- _EXERCISE_: Below is a listing with pictures in it. Copy it exactly without them.
START DATA PROVIDED
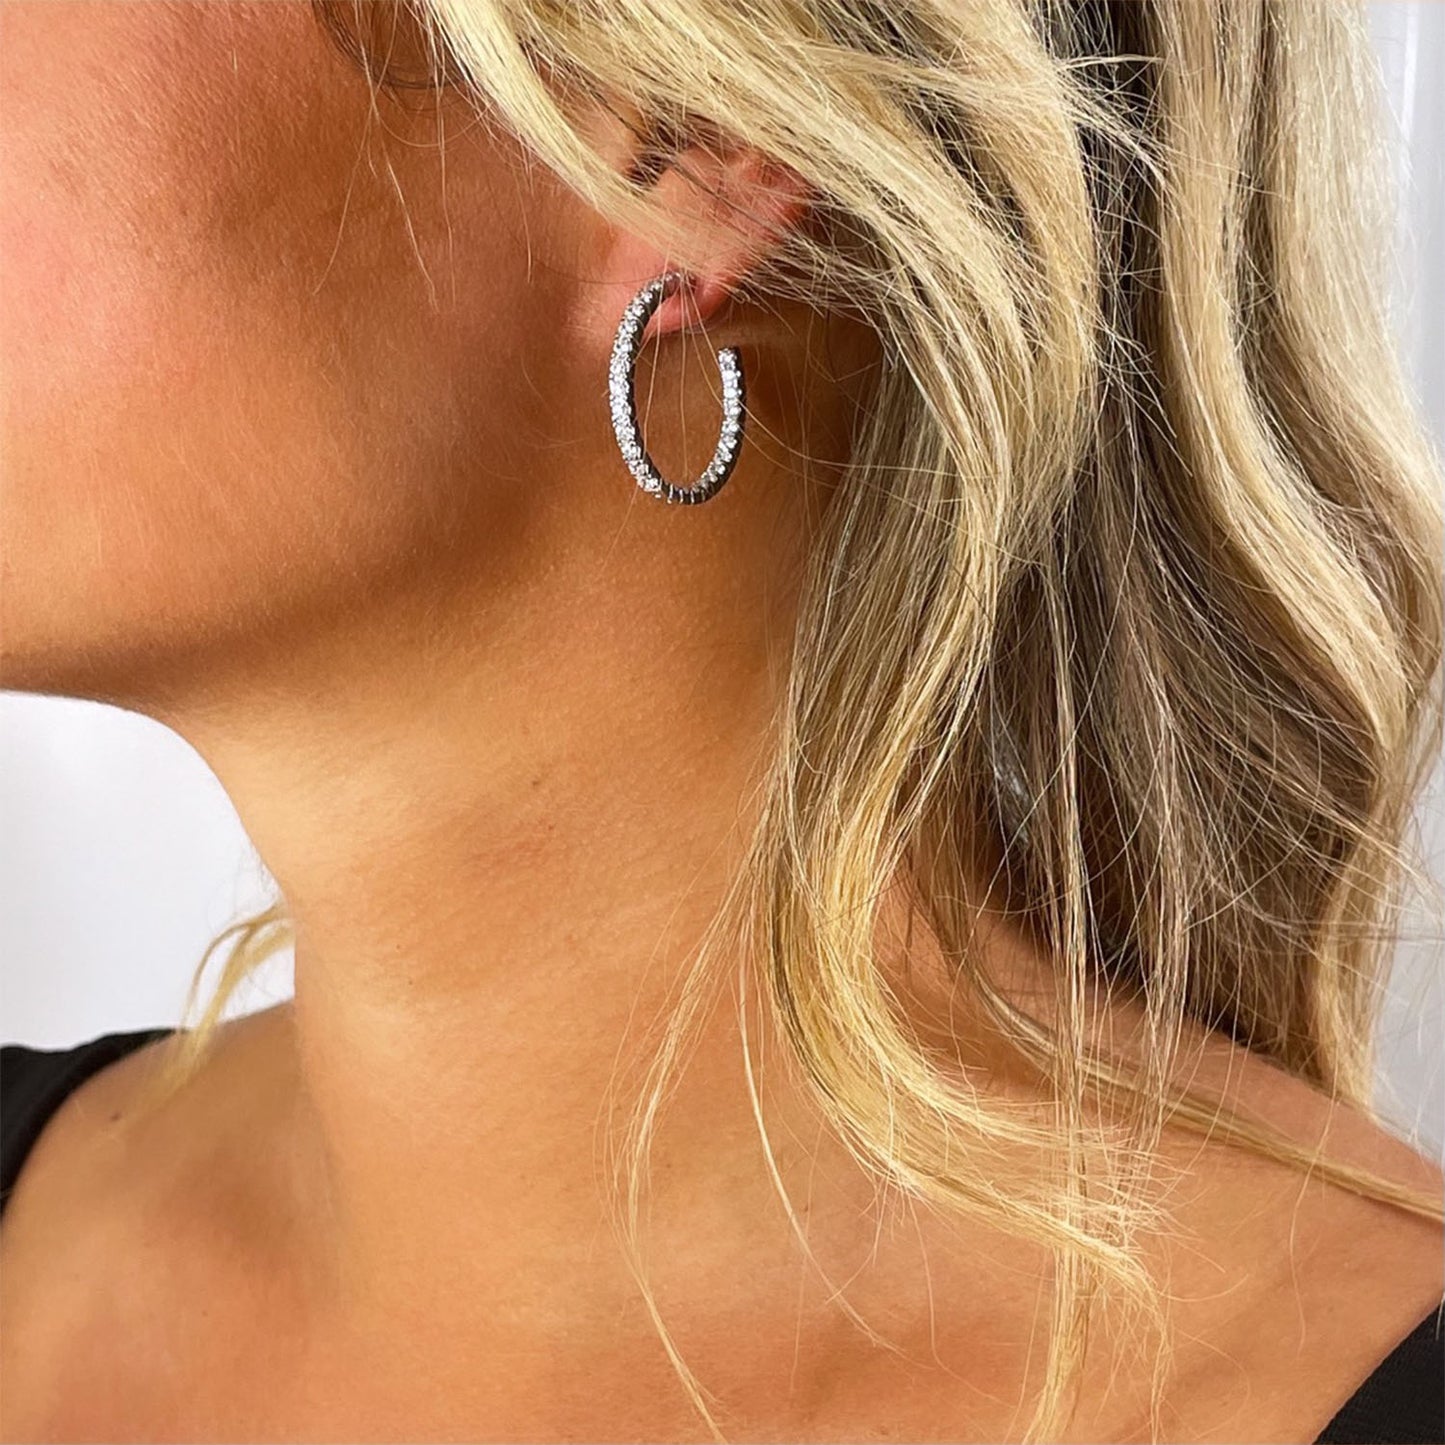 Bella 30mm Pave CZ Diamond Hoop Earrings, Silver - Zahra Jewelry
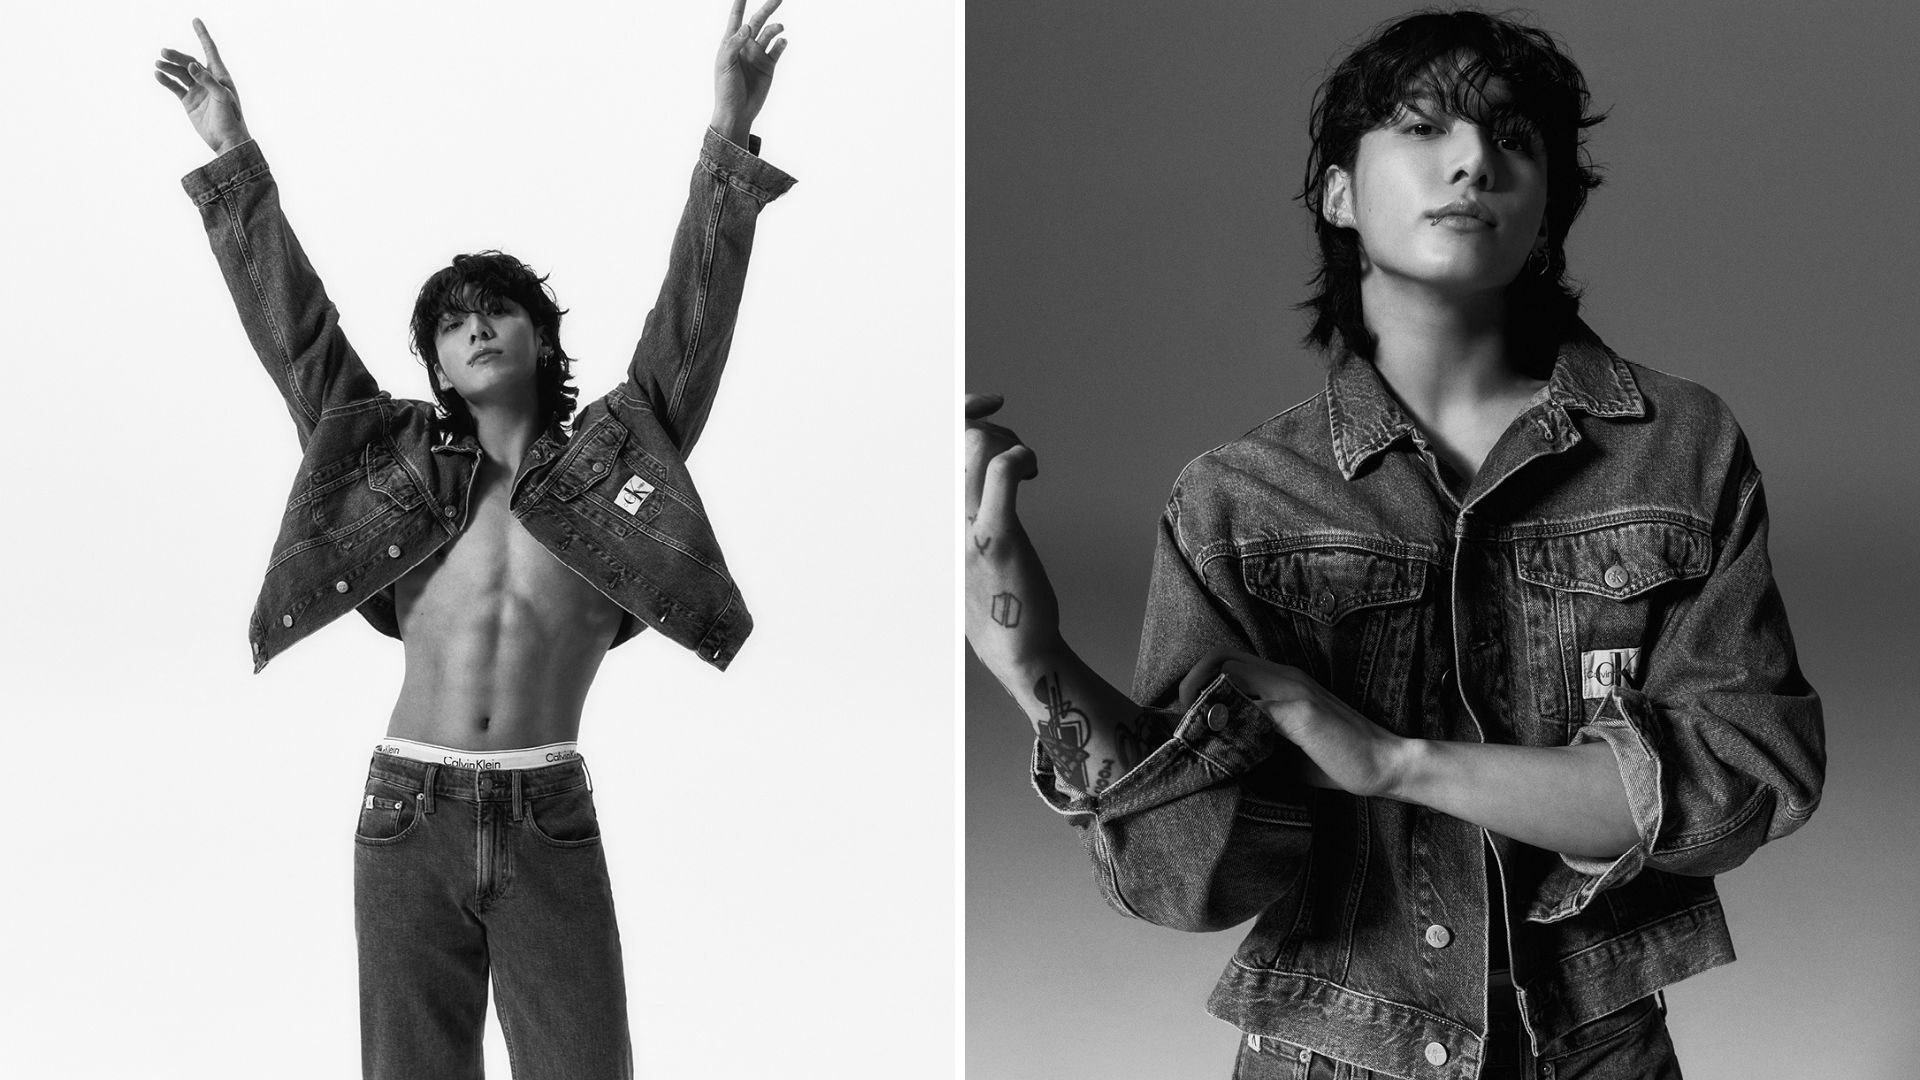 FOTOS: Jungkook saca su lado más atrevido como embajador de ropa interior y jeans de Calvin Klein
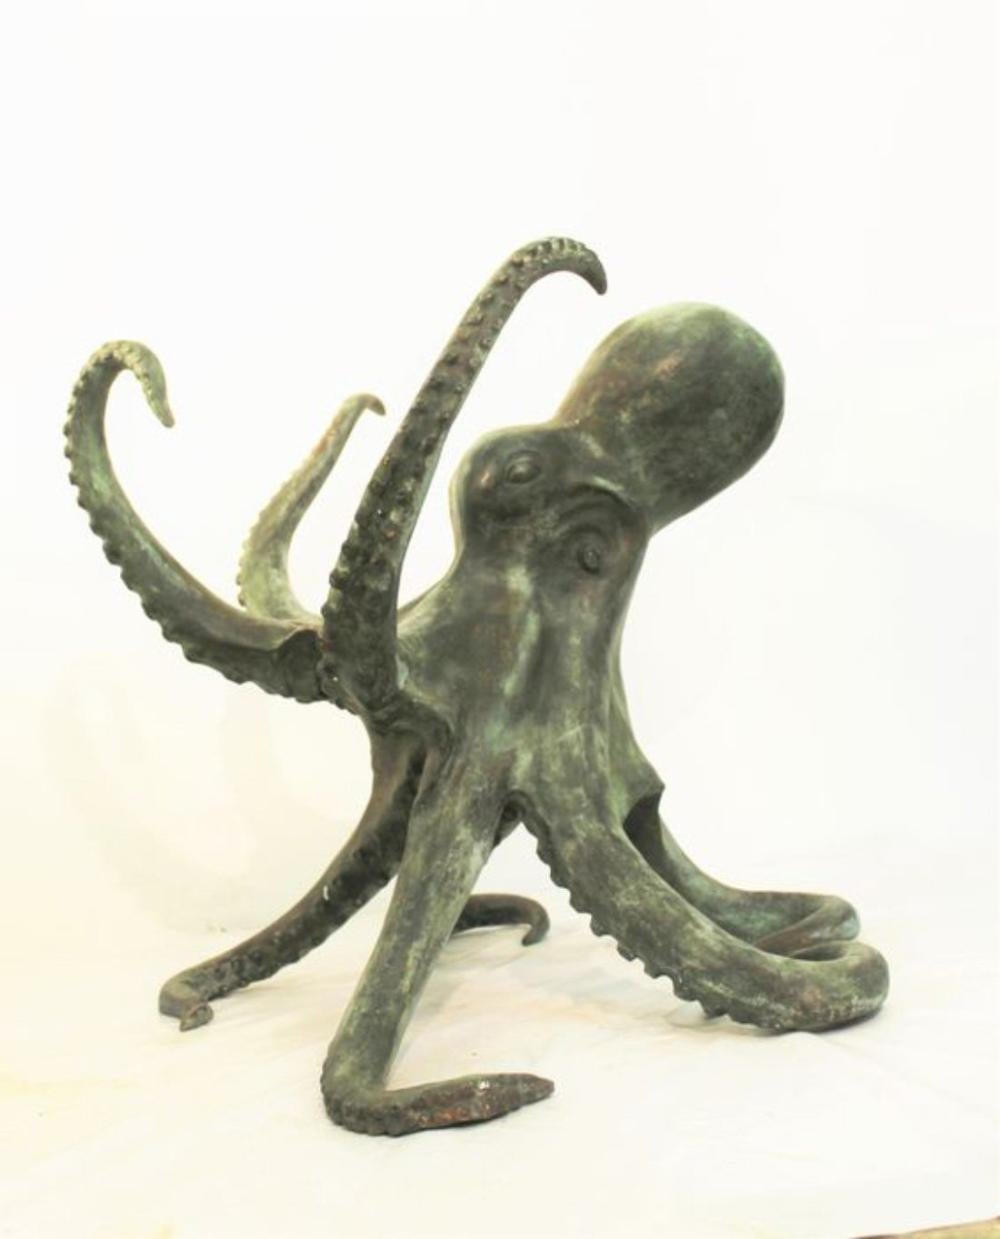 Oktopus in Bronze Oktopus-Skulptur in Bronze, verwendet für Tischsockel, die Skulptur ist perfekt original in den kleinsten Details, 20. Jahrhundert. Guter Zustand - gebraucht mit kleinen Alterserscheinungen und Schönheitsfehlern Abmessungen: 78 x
END DATA PROVIDED
- _SOLUTION TO THIS TASK_:
 Bella 30mm Pave CZ Diamond Hoop Earrings, Silver - Zahra Jewelry
 FOTOS: Jungkook saca su lado más atrevido como embajador de ropa interior y jeans de Calvin Klein
 Oktopus in Bronze Oktopus-Skulptur in Bronze, verwendet für Tischsockel, die Skulptur ist perfekt original in den kleinsten Details, 20. Jahrhundert. Guter Zustand - gebraucht mit kleinen Alterserscheinungen und Schönheitsfehlern Abmessungen: 78 x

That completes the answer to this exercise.